Fall Risk, Weeks 4 & 5: Slowing Down

It’s been five weeks now since the accident, and the days are starting to blend together in this wheelchair accessible, extended stay hotel. Having only one fully functioning limb (left arm) really does limit what you can do. Here is what an average day’s activities look like:

  1. wake up

  2. get out of bed

  3. use the bathroom

  4. eat breakfast

  5. listen to a podcast/music

  6. lie back down

  7. read part a book

  8. get up

  9. eat lunch

  10. lie down

  11. nap

  12. get up

  13. have a visitor

  14. lie down

  15. stream a tv show

  16. go to bed

This list is fairly comprehensive.... I’m basically living Peter Gibbons’ Office Space dream of doing nothing. So you might wonder how this list could take 16 hours to complete. To answer this question, let’s zoom in on the most important moment of the day: potty time. For anyone not interested in the details of how I poo with only one good arm and no working legs, please skip the following set of steps and pictures. It is a lengthy process, as this is no small task.

Let’s assume I’m already up in my wheelchair with my back brace on.

Get slide board, a 30 inch long plank of wood, and balance it on lap.

**Don’t drop the slide board during any point in process or add 6 more steps.

Notice some obstruction in the path to the bathroom.

Drop off slide board. Get reacher-grabber tool. Move the obstruction using reacher-grabber.

Put slide board back on lap. Wheel to bathroom. Line up wheelchair just right, so as to get over the evil lip on the floor between the kitchen and the bathroom. Use just the right amount of wheelchair force. Popping a wheelie is the advanced technique here.

Line the wheelchair up just perfectly next to the commode. A protractor may be helpful.

Wedge one end of the slide board under butt. Be careful not to get shorts or testicles caught.

Rest other end on the top of the commode in a stable orientation. Continue to be watchful for testicle snagging.

Wiggle way across the slide board, bridging the gap between wheelchair and the toilet.

Get pants down using some back-and-forth rocking and leaning while working the elastic ever so slowly downward (erotic novelists, feel free to use this incredibly sexy line).

Poo.

Reverse the slide board transfer back to wheelchair.

Wash hands.

And that’s how you poop!

Here’s my point.
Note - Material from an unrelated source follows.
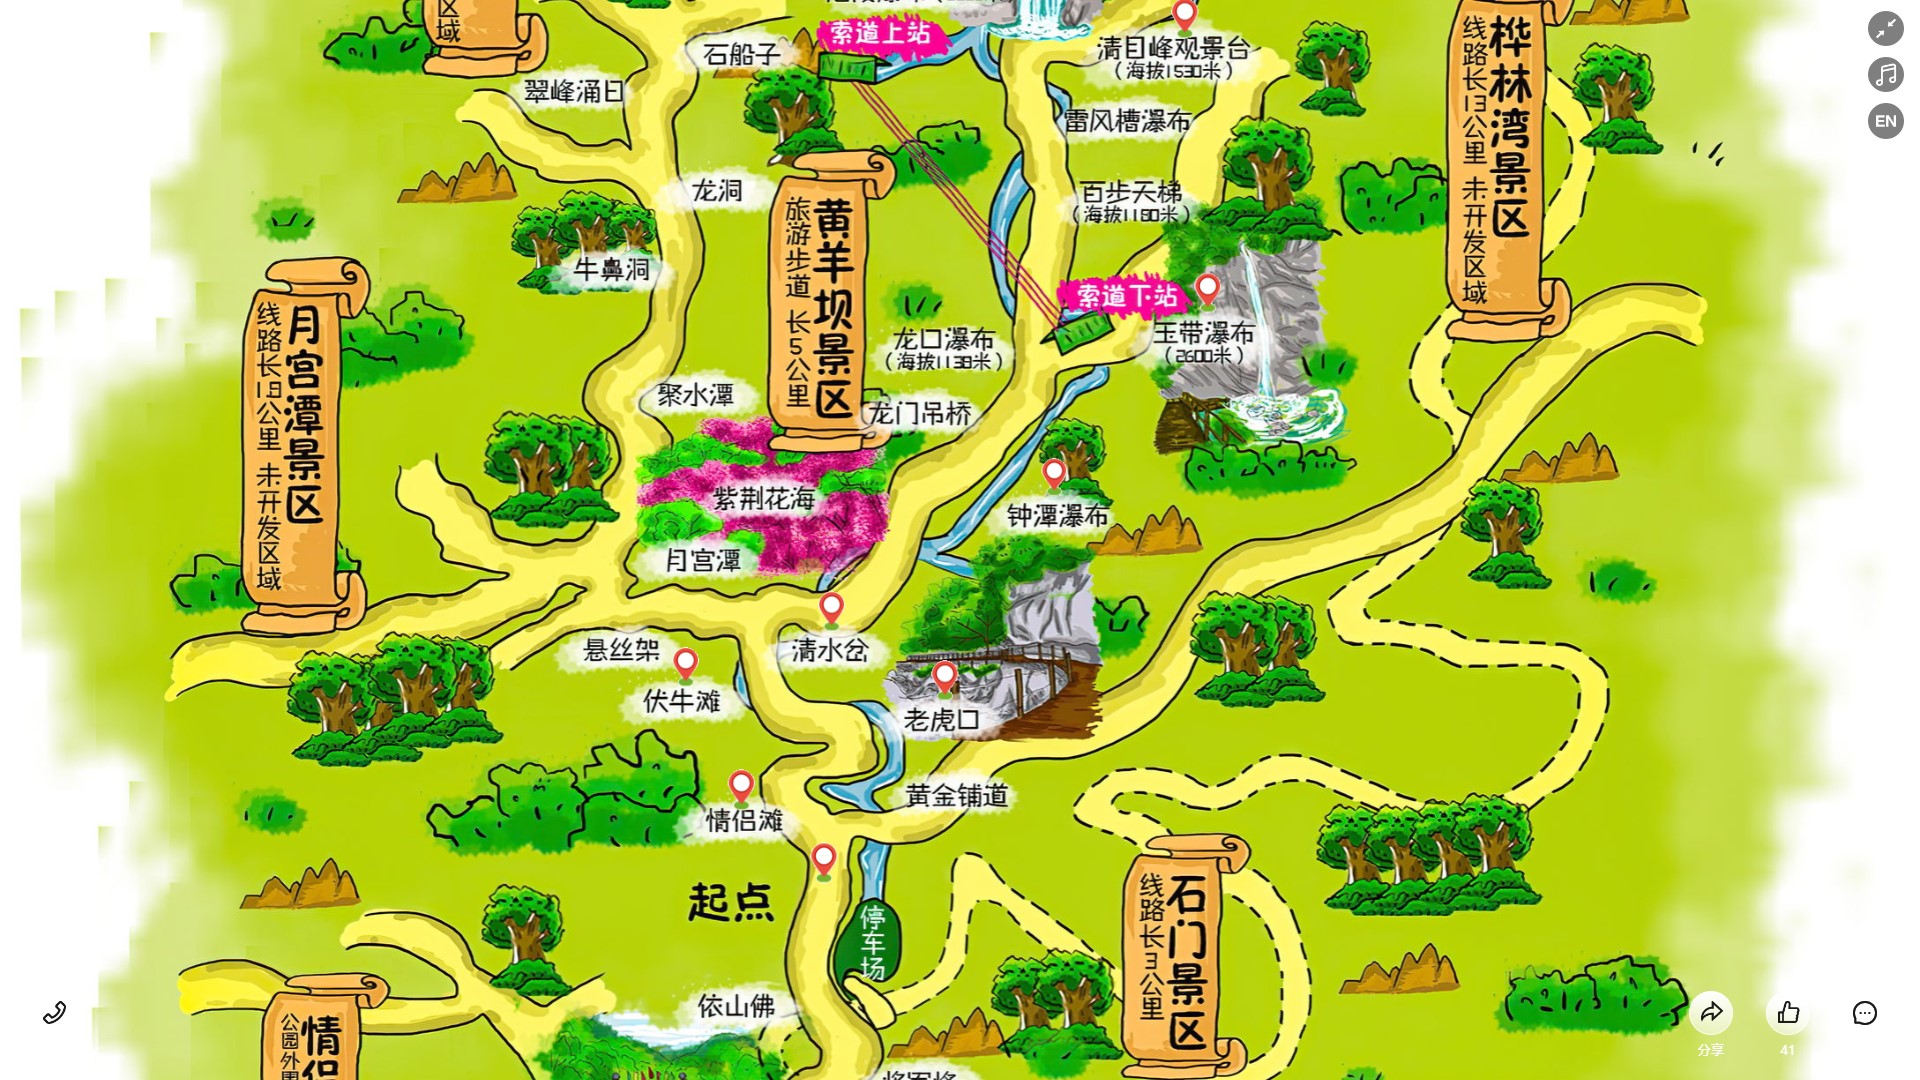 桃山景区导览系统

Doing anything takes a lot of time right now. Processes move slowly. But this is actually a good thing. I have nowhere to be. And every day, every hour, and every minute, I’m healing up a bit more. I have to constantly remind myself that if making and eating breakfast takes two hours, then… great!

More importantly, I constantly need to remind myself to stay in the moment. If my focus is on eventually eating dinner, then the long, slow process of actually making it can only frustrate me. Instead, I have to stay focused on each tiny task at hand: getting out a plate, turning on the stove-top, opening the elegant package of Top Ramen. If staying in the moment is achieved, then on a really good day I can appreciate each movement, each sound, each feeling as it comes.

But appreciating each moment is something that I’ve struggled with in normal life activities too.

Driving: I want to enjoy the scenery and the radio more. I want to focus less on the destination.

Climbing: I want to enjoy each movement and each attempt on a route more. I want to focus less on when I might send.

Social interactions, say at the crag: I want to enjoy the company of the friend that I’ve just run into more. I want to focus less on when I can start climbing.

Work: I want to focus on the current conversation more. I want to focus less on yesterday’s meeting.

I can’t say that I’m loving the fact that I’m broken. But eventually I’ll get out of this wheelchair, this cast, and these braces. And I think the slow lifestyle of the past several weeks is good training for the day that I can leave this hotel behind. Maybe when I rejoin the world, I can be a better human.

Because rather than practicing who I want to be, I’ve been practicing when I want to be. Not in the past, not in the future, but in the present.